"""
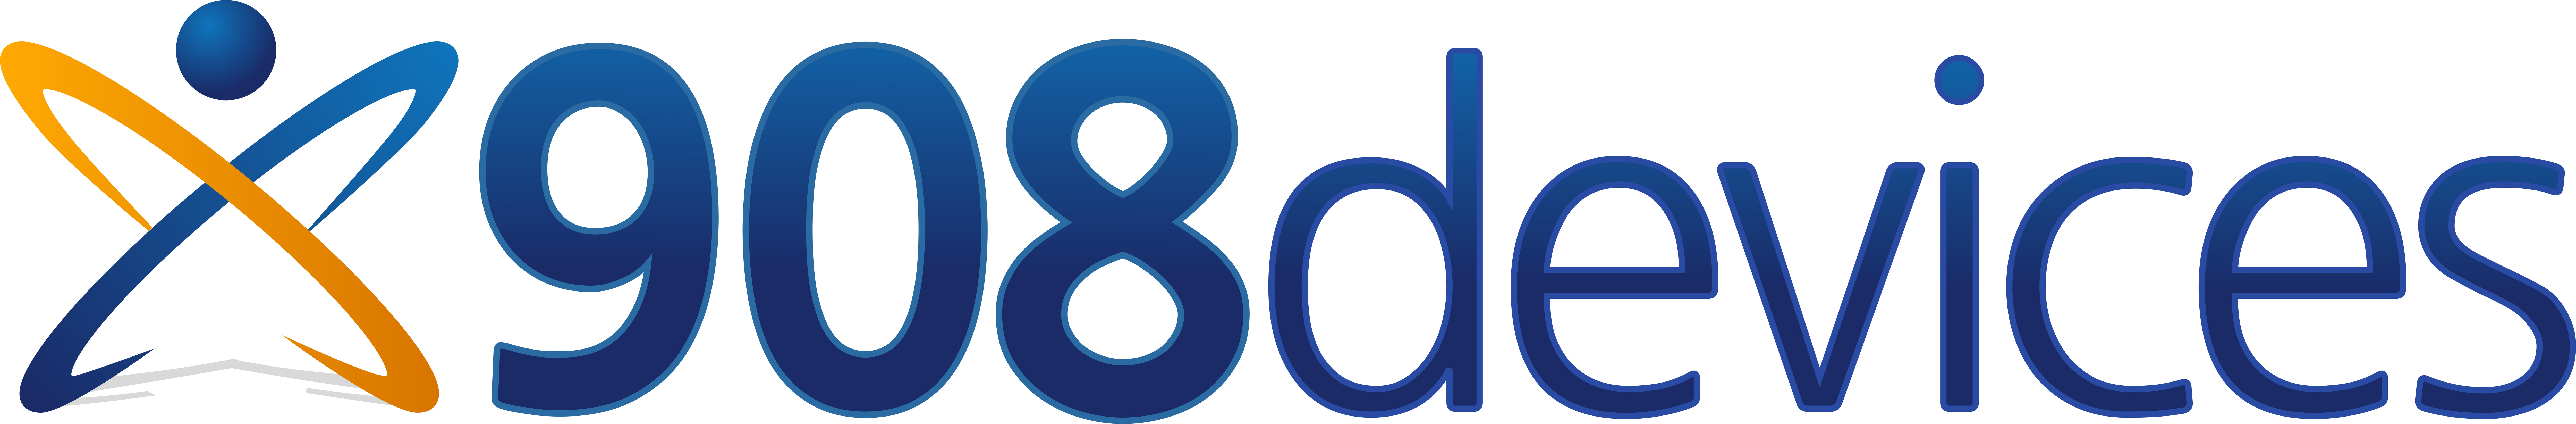 908 Devices Inc Logo
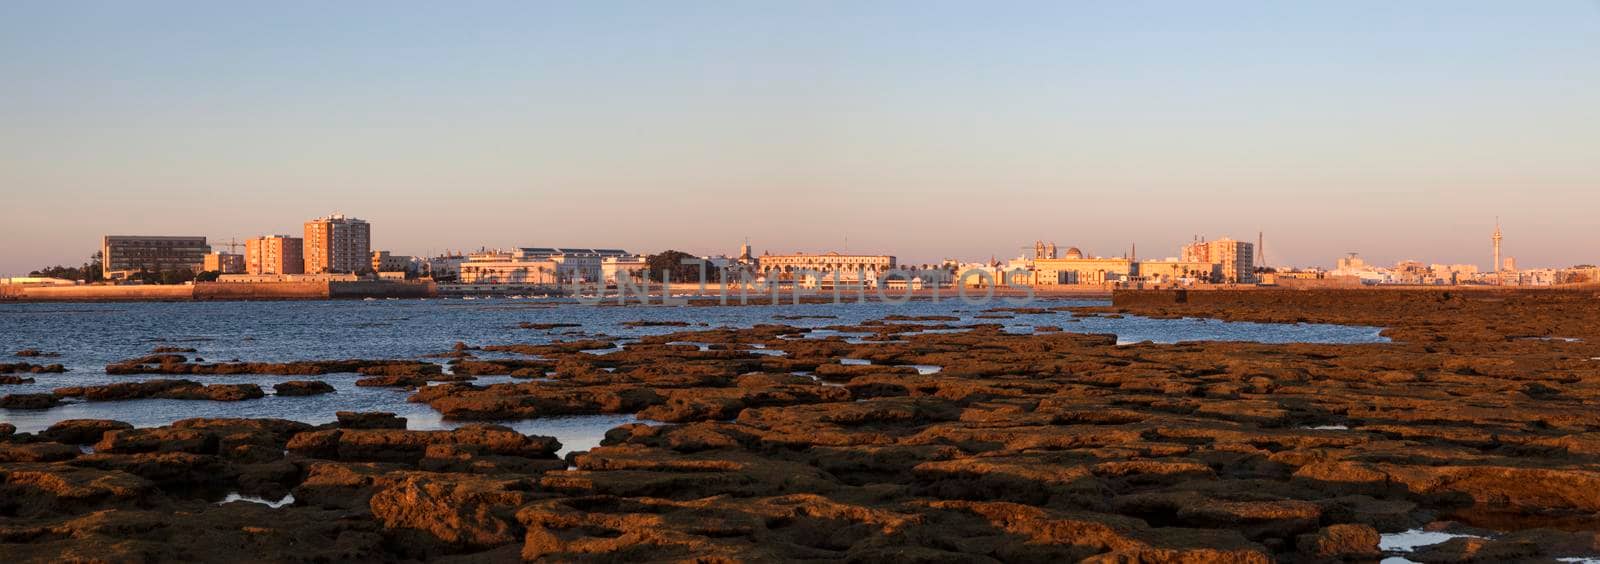 Panorama of Cadiz by benkrut
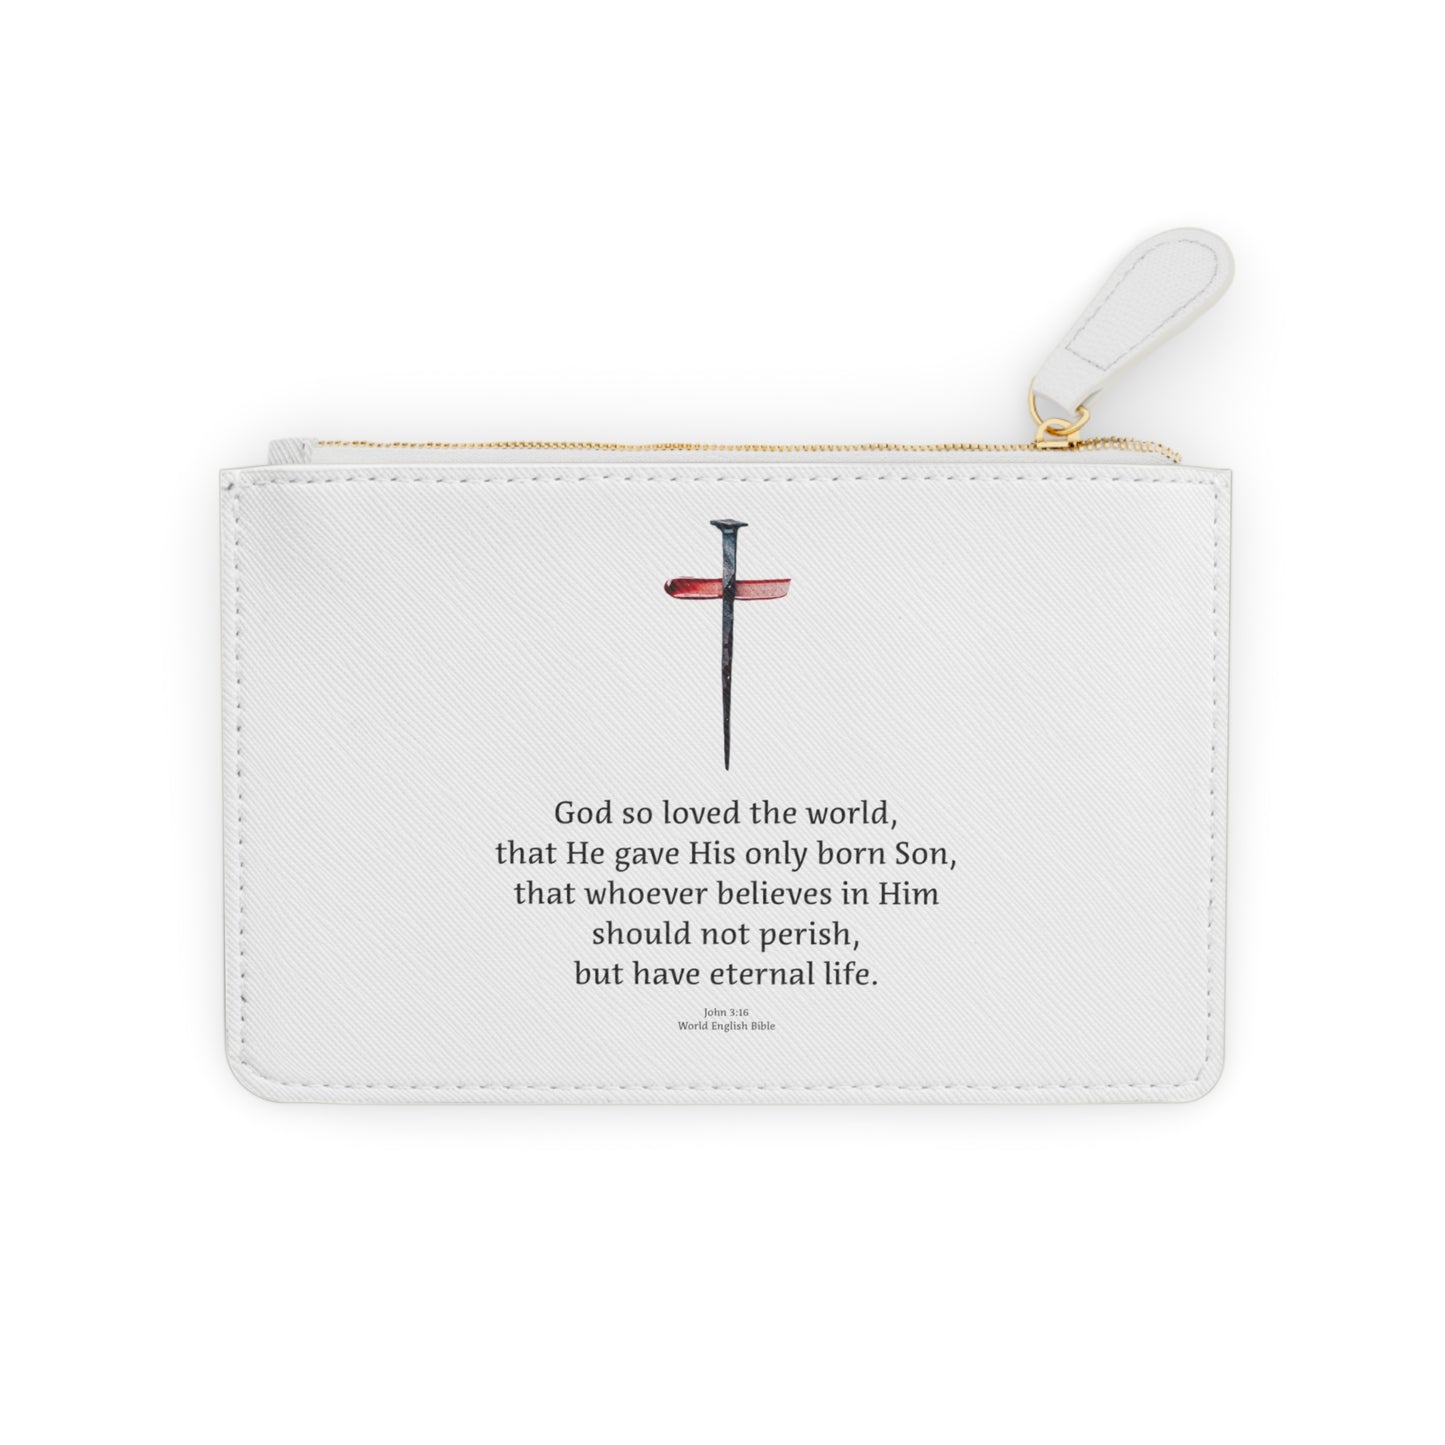 Mini Clutch Bag - John 3:16
"""
TASK DIRECTIONS: The listing above is to be set down word for word, without its images.

YOUR SOLUTION:
 908 Devices Inc Logo
 Panorama of Cadiz by benkrut
 Mini Clutch Bag - John 3:16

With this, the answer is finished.